Questa città pare scomparsa. "Negli ultimi anni il governo ha dato il via a un piano di smantellamento di molti quartieri popolari", racconta Alemayu Tesfaye, un giovane architetto etiope che sta lavorando ad alcuni cantieri: "È cominciata una corsa per costruire edifici moderni".
Oggi, la capitale è un immenso cantiere. A ogni angolo centinaia di persone lavorano alla costruzione di edifici multipiano, centri commerciali, palazzi di uffici e abitazioni. Basta distrarsi un attimo, e dove prima c'era un bar con i tavolini, ora sta venendo su un casermone. Addis Abeba si rifà il look a ritmi frenetici. Le casette degli etiopi hanno lasciato spazio a sedi di società commerciali, banche, imprese nazionali e straniere, spiega ancora l'architetto, mentre sorseggia un caffè macchiato sulla terrazza del ristorante Top View, da cui si gode una vista imperdibile della città.

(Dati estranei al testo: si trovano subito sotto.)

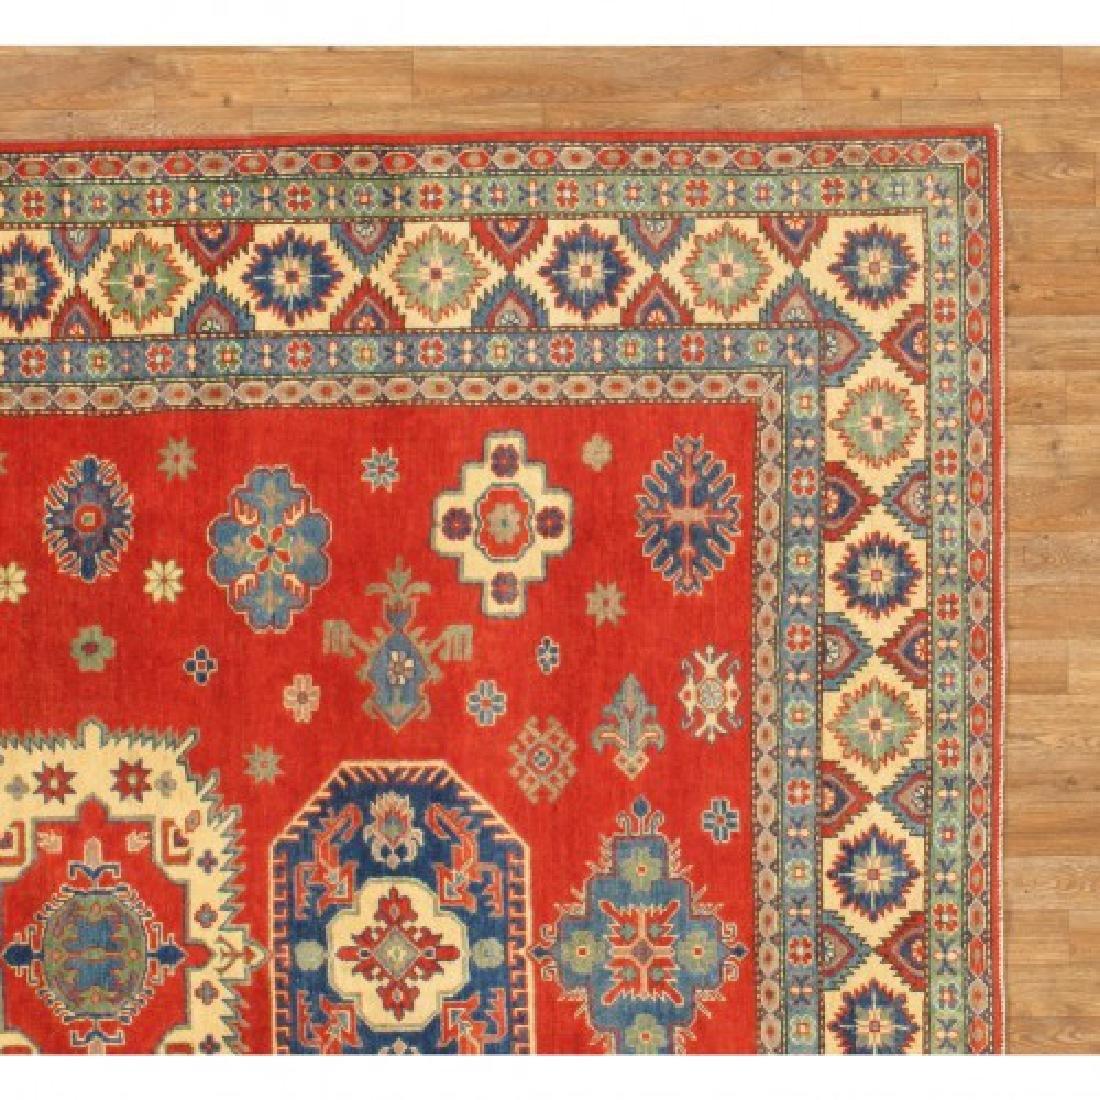 Hand Knotted Wool Kazak Rug 9x10 - 8

"Stiamo rimodellando lo skyline di Addis Abeba", commenta orgoglioso Alemayu. Lascia vagare le braccia verso l'incredibile fila di edifici, eretti scimmiottando le nuove periferie urbane europee e americane: improbabili angoli acuti, poi bombature, finestre che sembrano feritoie medievali, terrazze vista asfalto, pareti di vetrate a specchi, ferro, finiture dai colori accesi.
Il boom delle costruzioni ha raggiunto un livello talmente alto, nell'ultimo anno, che a un certo punto i lavori di edificazione hanno rallentato, a causa della carenza di materiale edile nel Paese. "Il cemento è diventato molto caro e, soprattutto, scarseggia", spiega un imprenditore italiano da anni attivo in Etiopia. La richiesta di inerti è talmente elevata che il colosso nigeriano del cemento, la Dangote, ha deciso di investire circa 3 milioni di dollari e aprire fabbriche nel Paese.

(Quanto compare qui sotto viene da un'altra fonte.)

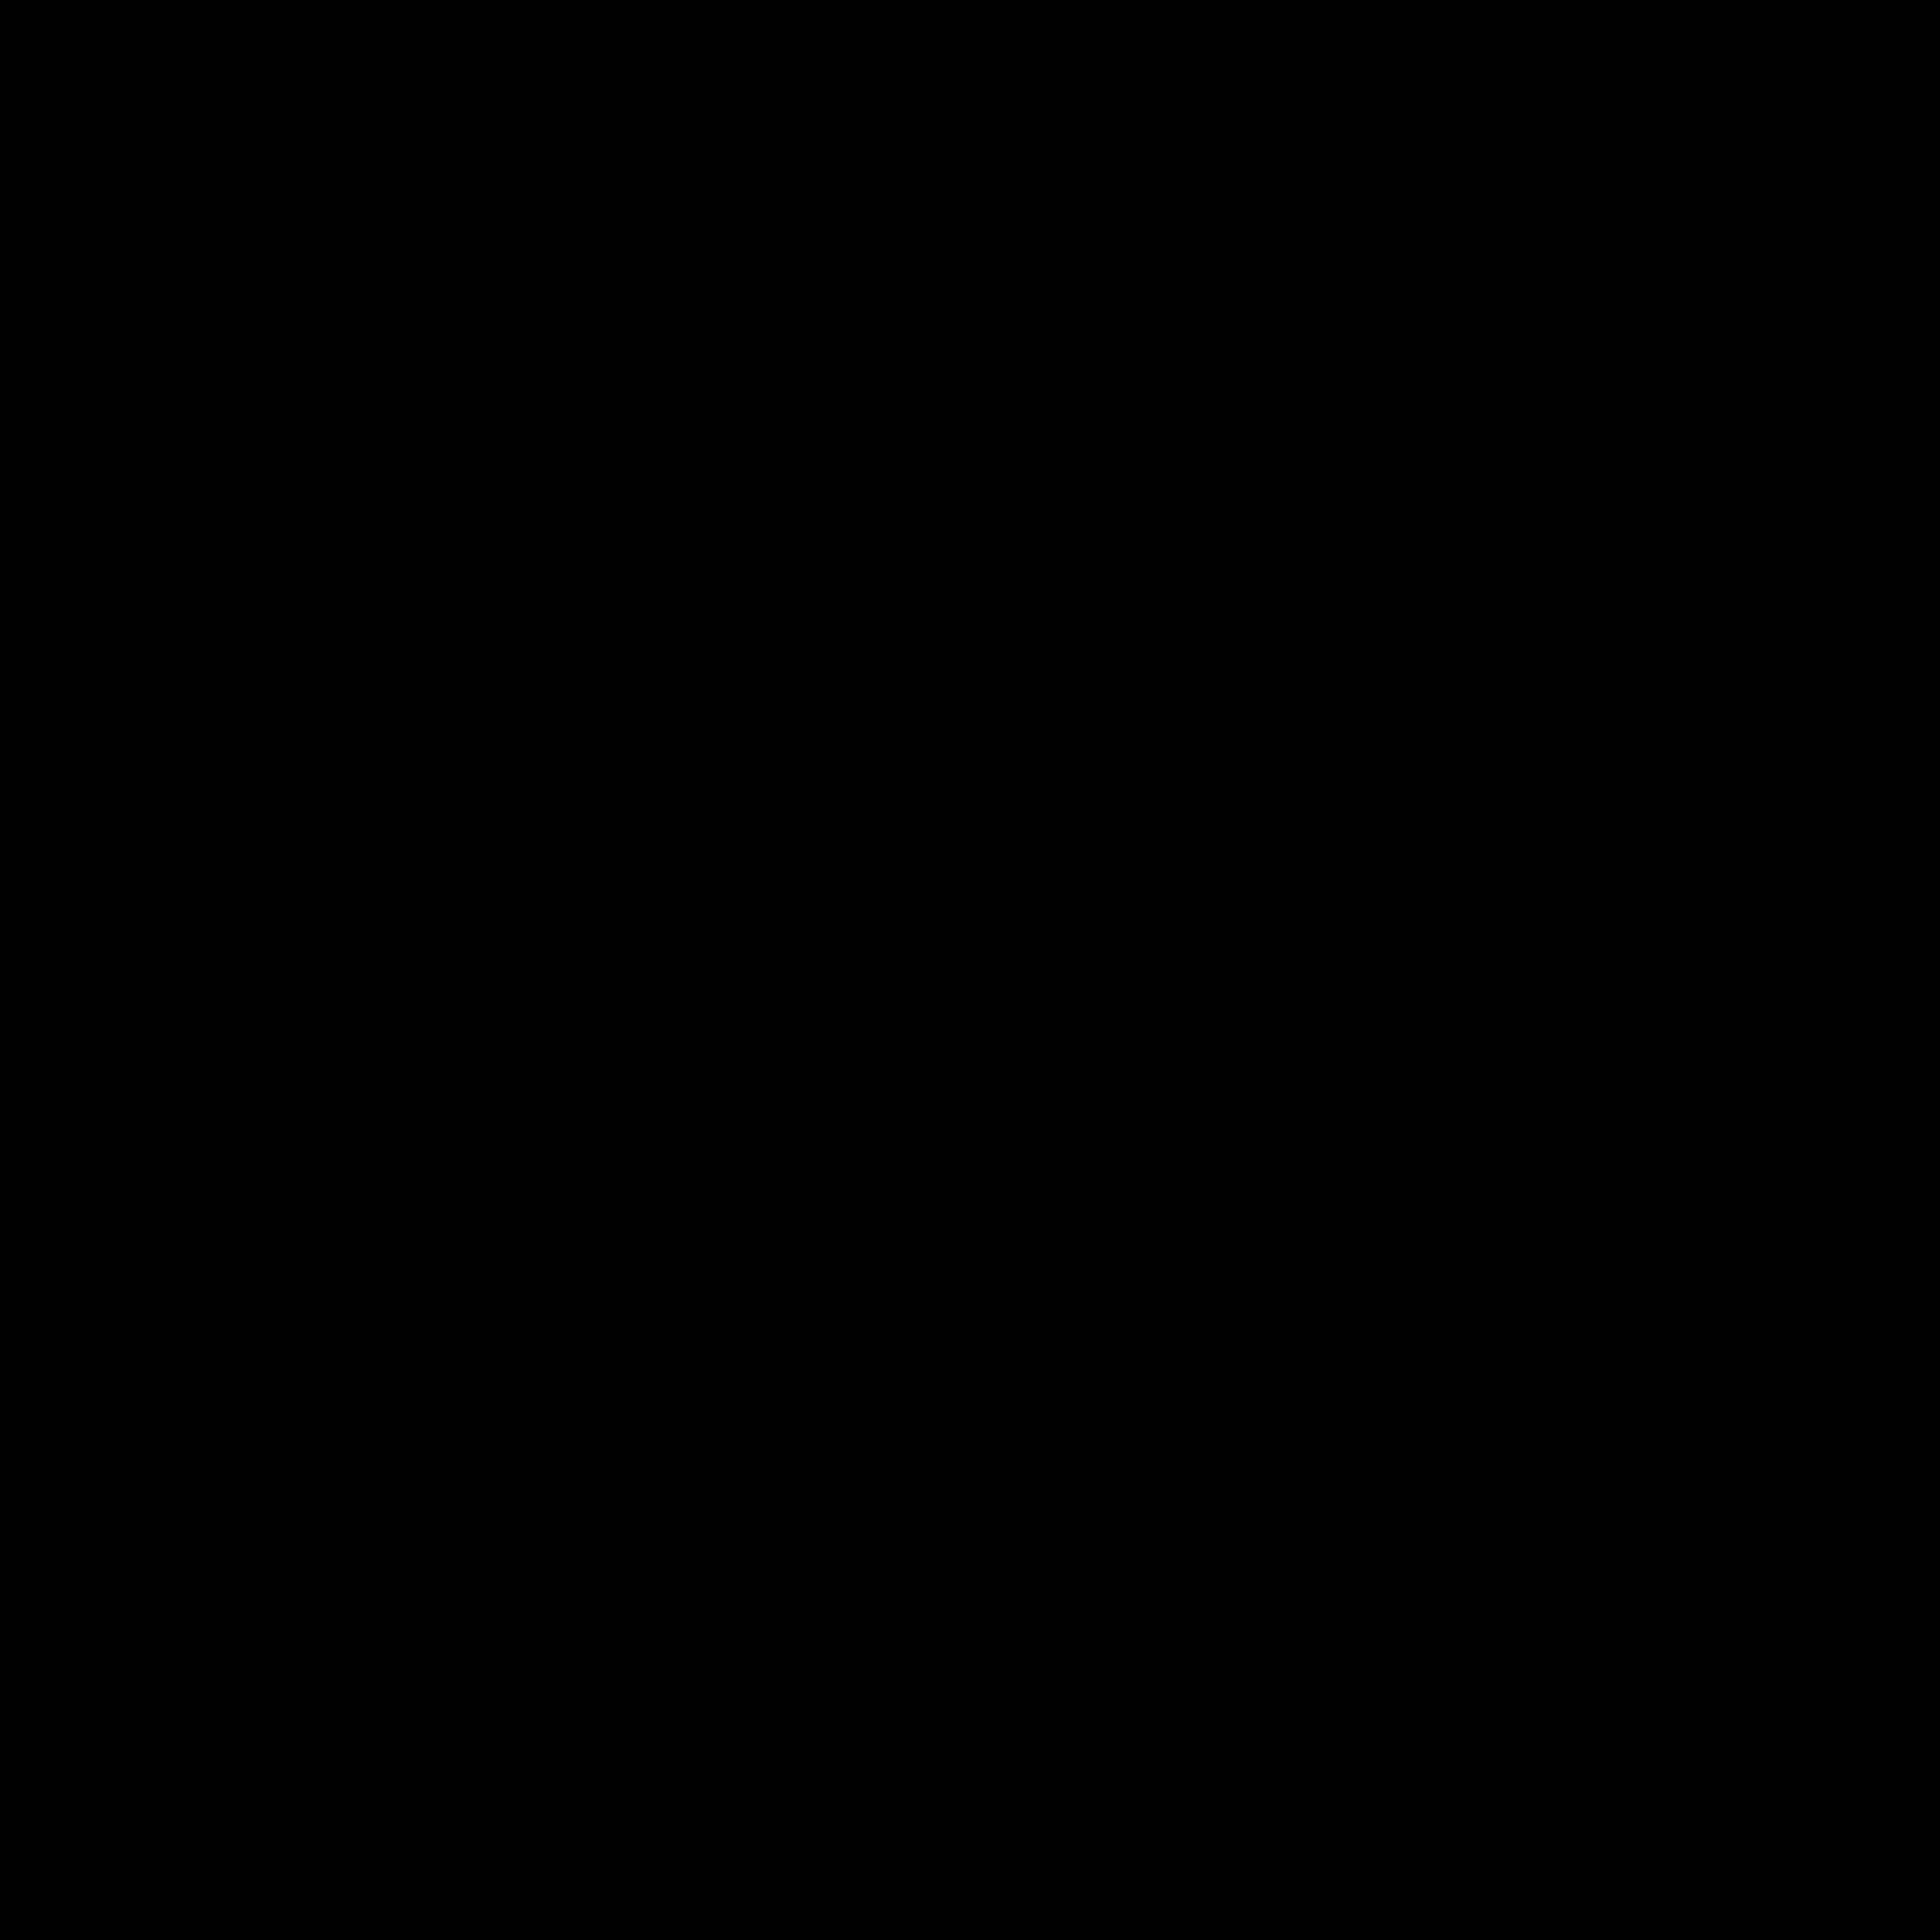 Logo-vector-black.png

Il Paese riscuote le dichiarazioni entusiastiche del Fondo monetario internazionale e della Banca mondiale. L'economista americano Joseph Stiglitz, in un recente viaggio in Etiopia, ha affermato: "È impressionante vedere indici di sviluppo superiori al 10 per cento". Dagnamyelew Girma, dirigente della Sunshine Construction, una delle principali imprese etiopi nel ramo dell'edilizia, è baldanzoso: "Il progresso non si può fermare. Andremo avanti". E mostra uno dei cantieri della ditta, proprio a un passo dalla centralissima Meskal Square, la piazza che ai tempi del regime socialista serviva per le adunate di popolo. Qui la Sunshine sta costruendo un hotel cinque stelle postmoderno, una ventina di palazzi da 16 piani che ospiteranno appartamenti deluxe. E in altri progetti la ditta si prepara a sfornare ancora alberghi, ville esclusive, centri ricreativi e campi da golf. Il tutto per un investimento da oltre 800 milioni di euro.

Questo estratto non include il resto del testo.